Work instruction => Whenever a picture appears in the listing below, leave it out, and copy exactly the lines from the one containing "Stuart Weitzman damen" through the end.

Given material =>
_ _ _ _ _ _ _

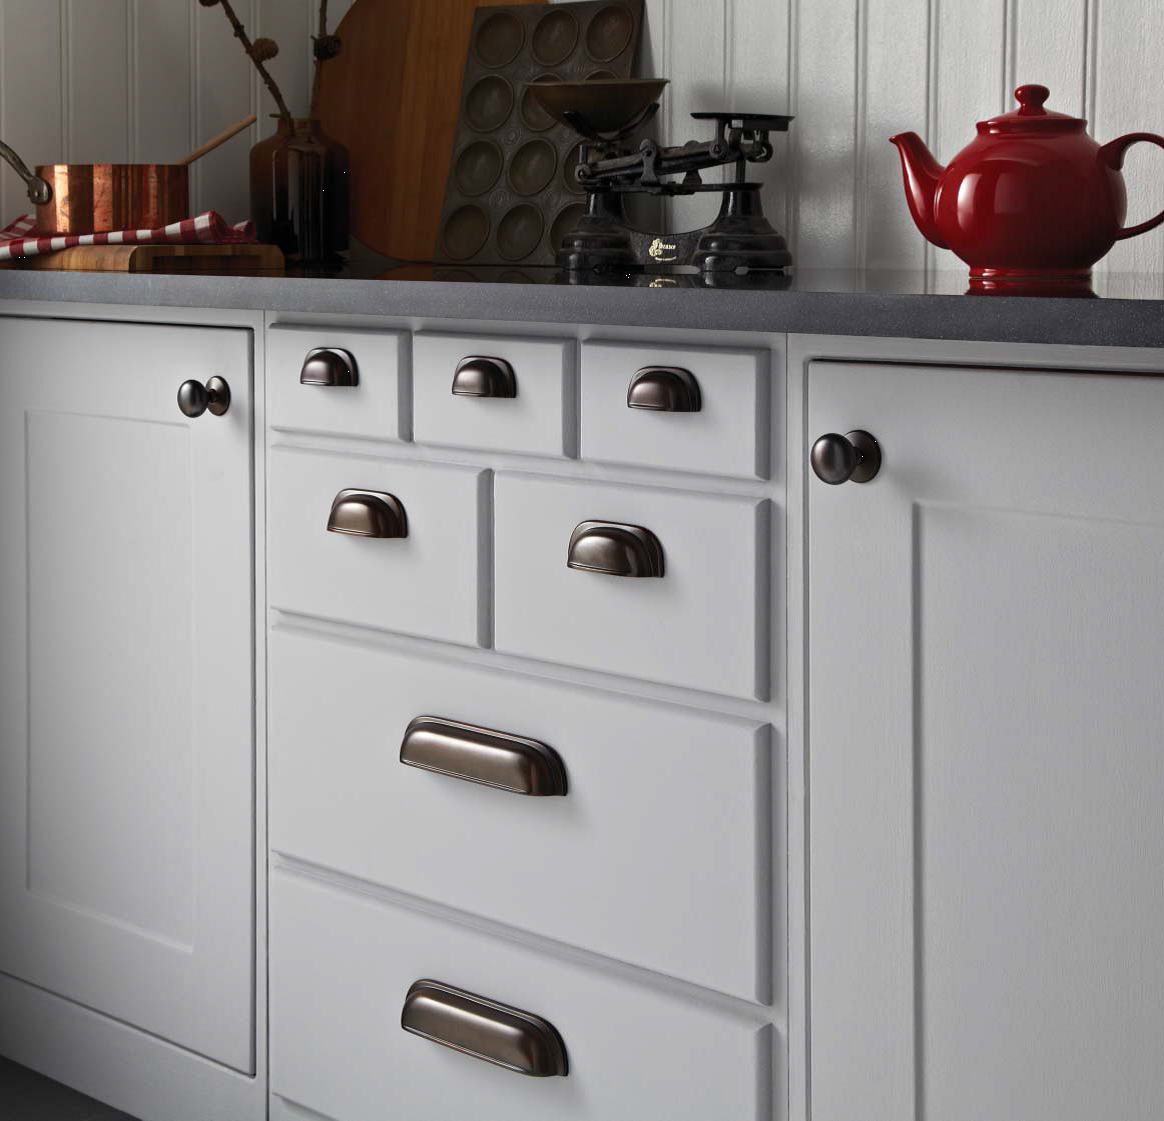 kitchen cabinets door knobs photo - 6
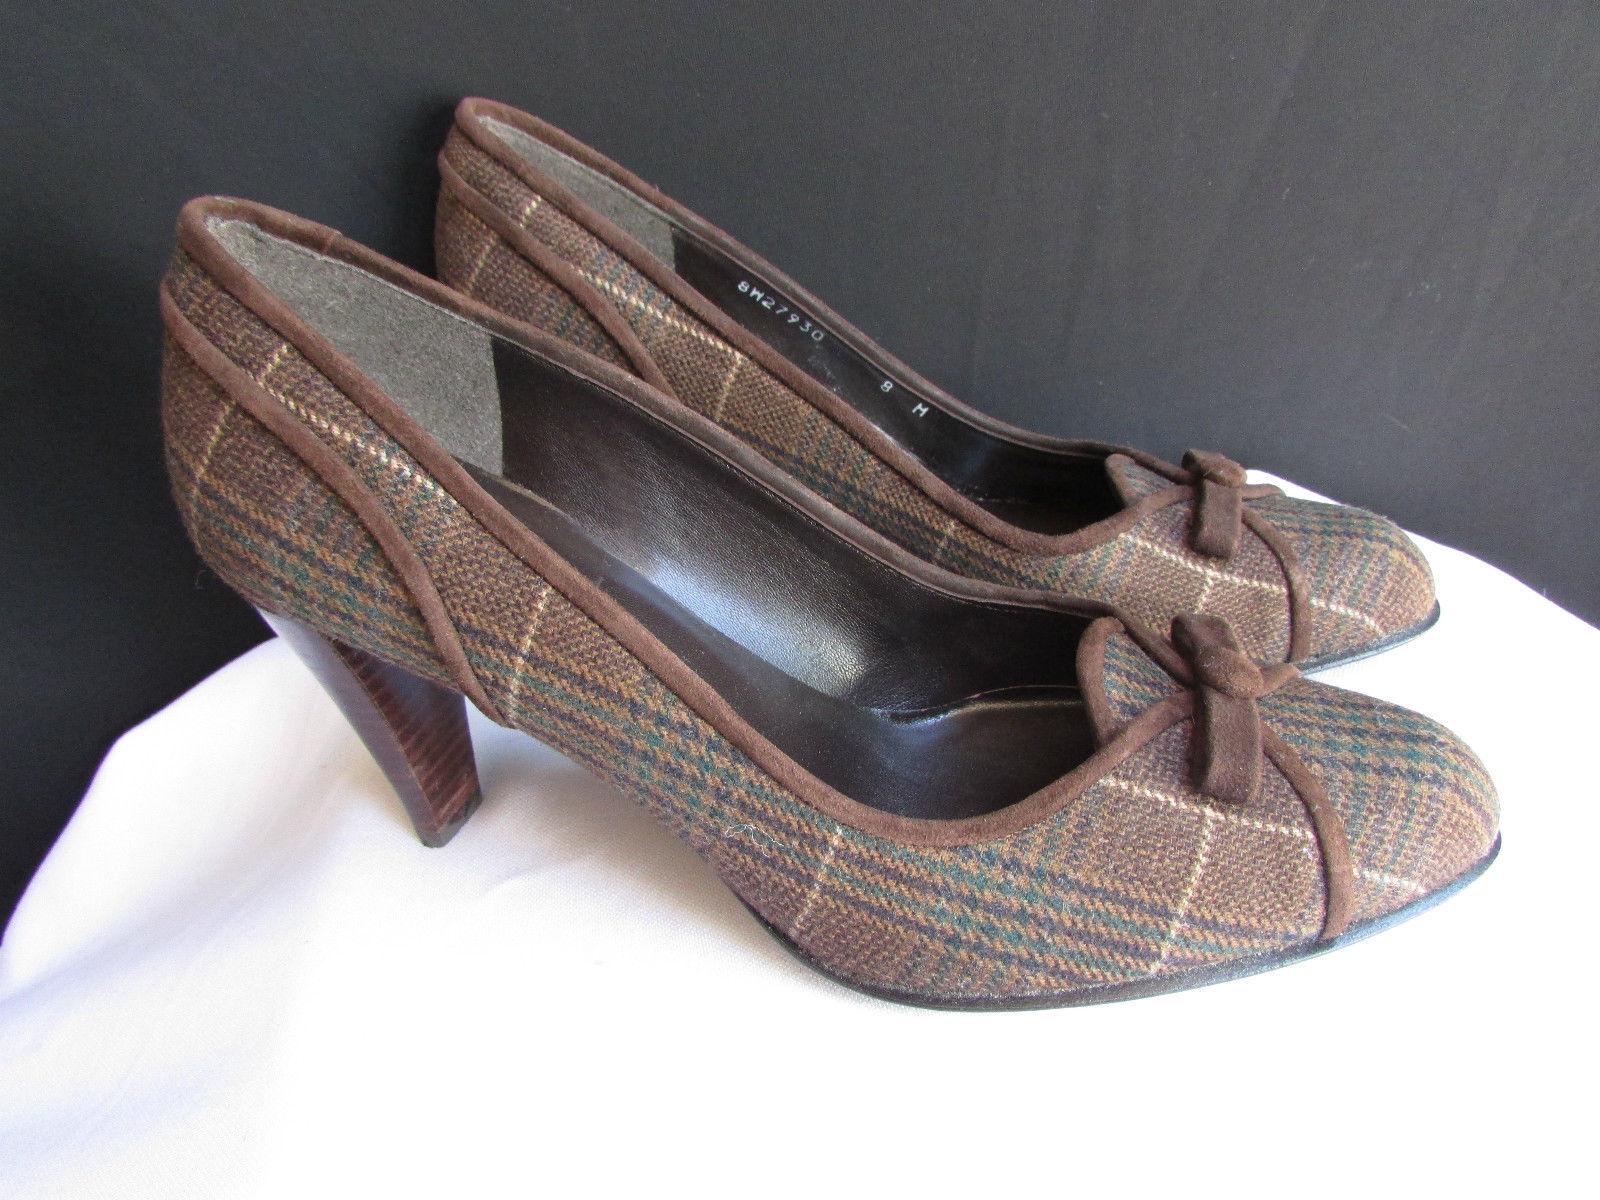 Stuart Weitzman damen Dark braun Plaids Dressy Bow Pump Mid High Heels schuhe 8.5
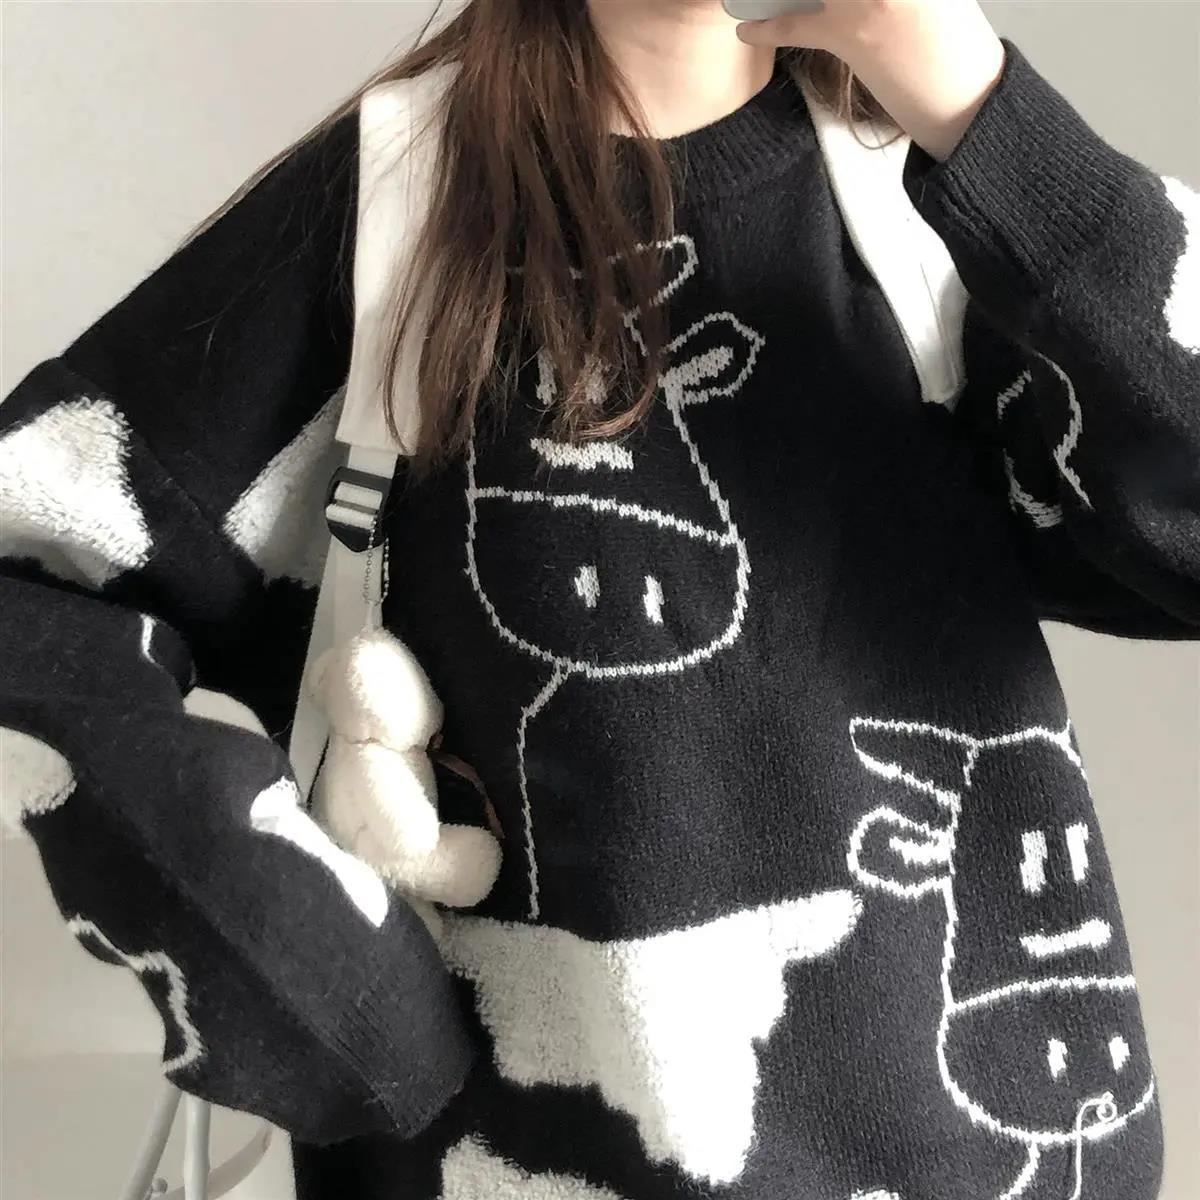 Egirl Harajuku pullover with a cow print 50
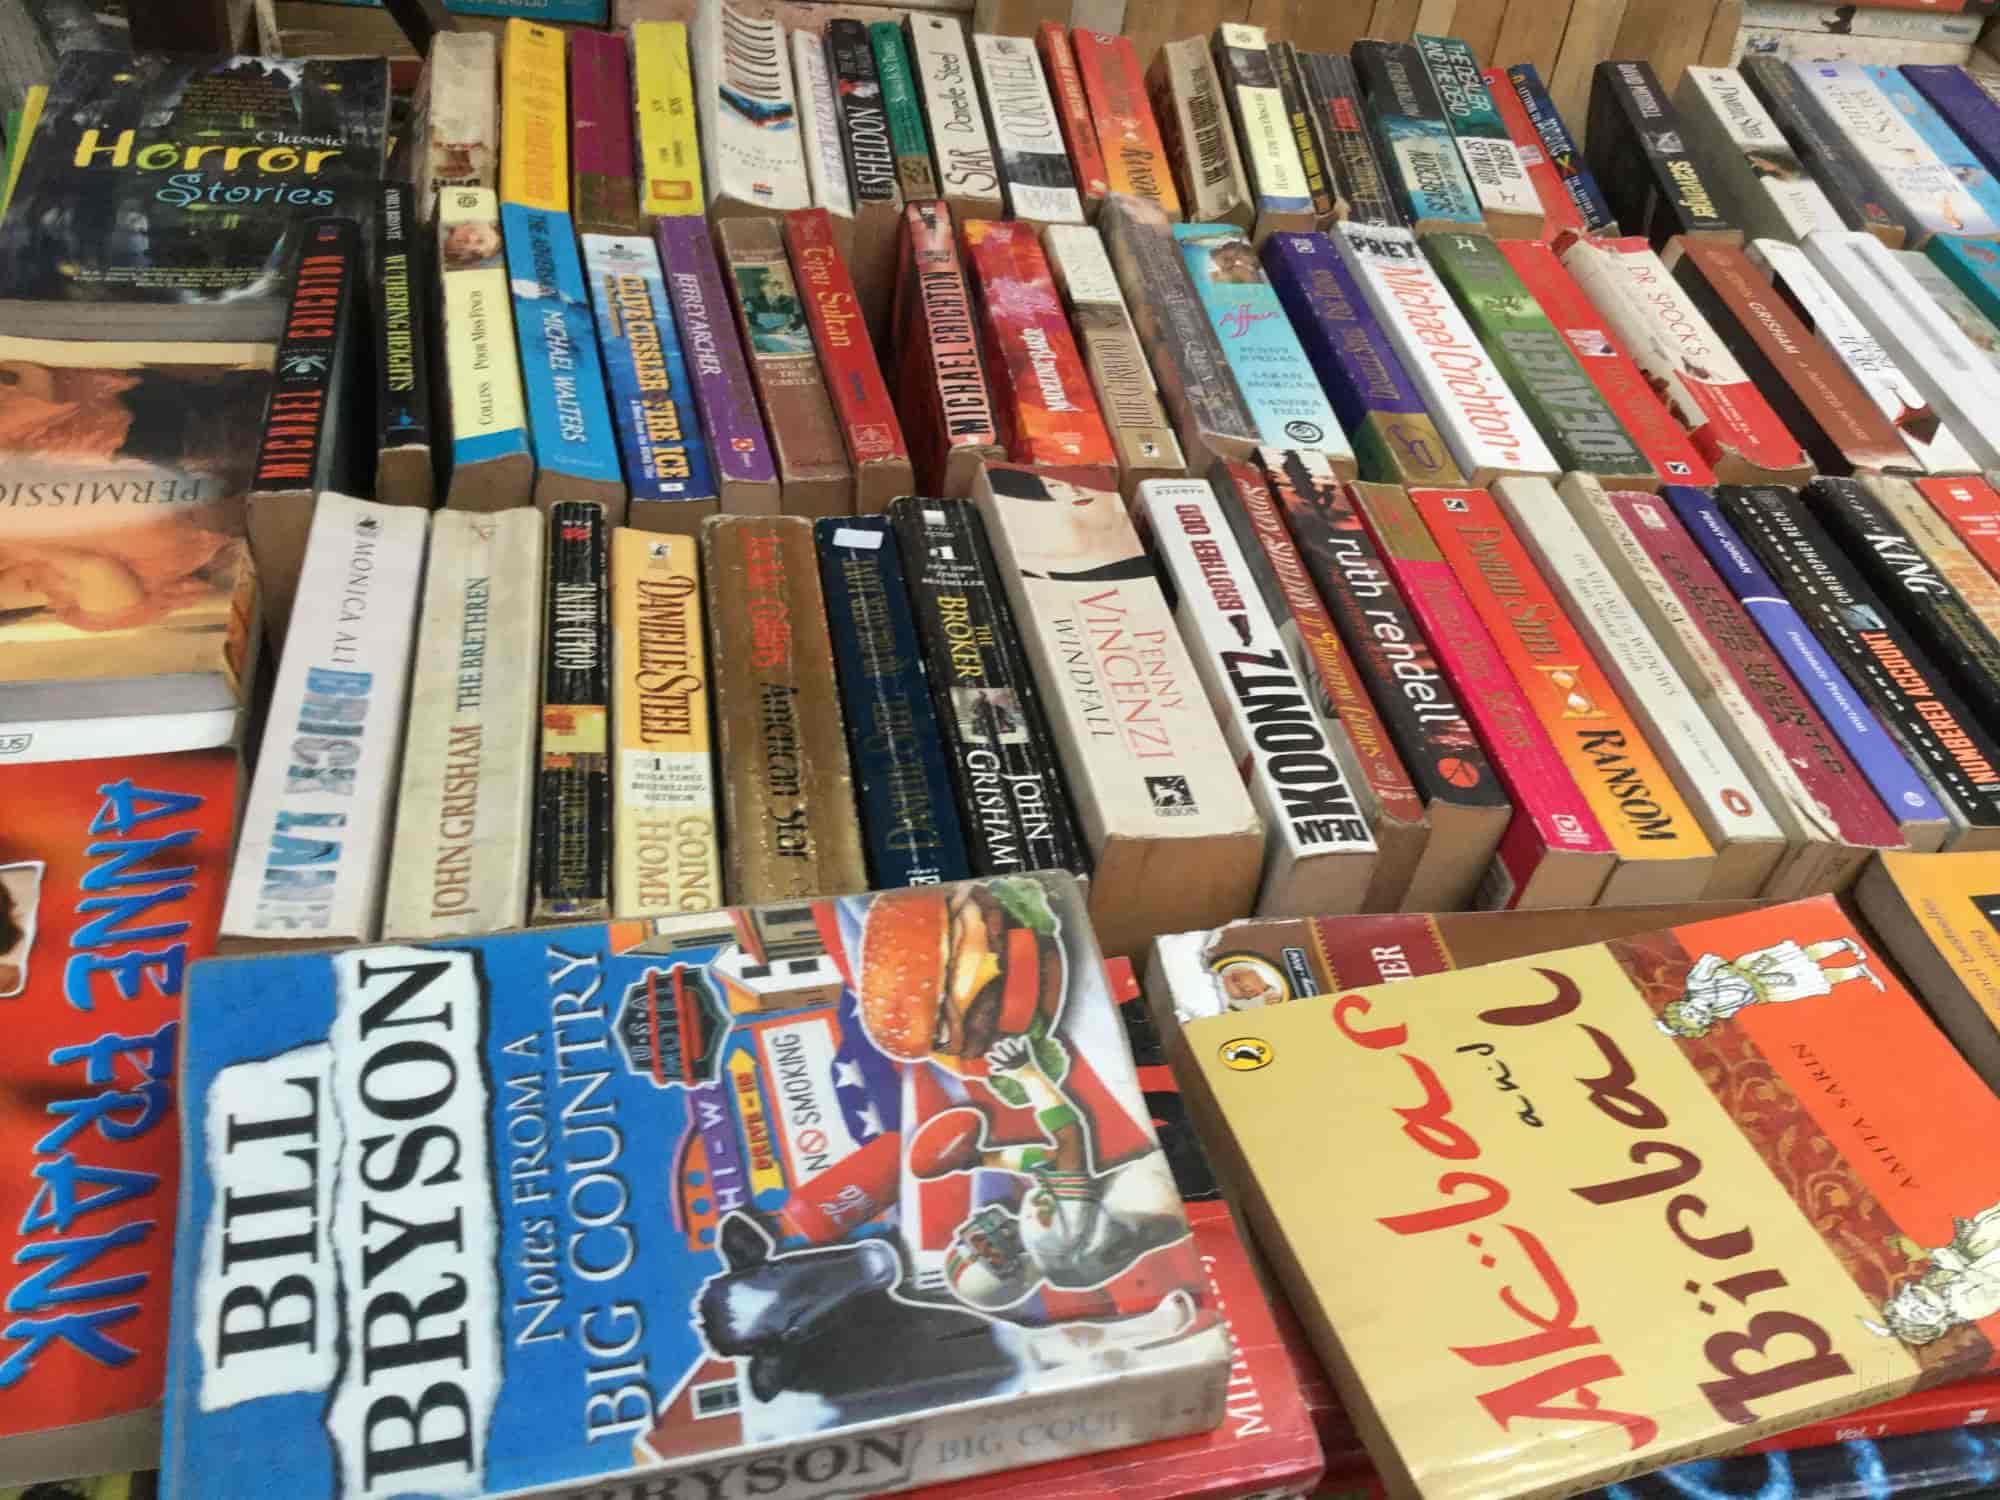 Raju Book Store, Saket - Book Shops in Delhi - Justdial

_ _ _ _ _ _ _

Solved exercise =>
 Stuart Weitzman damen Dark braun Plaids Dressy Bow Pump Mid High Heels schuhe 8.5
 Egirl Harajuku pullover with a cow print 50
 Raju Book Store, Saket - Book Shops in Delhi - Justdial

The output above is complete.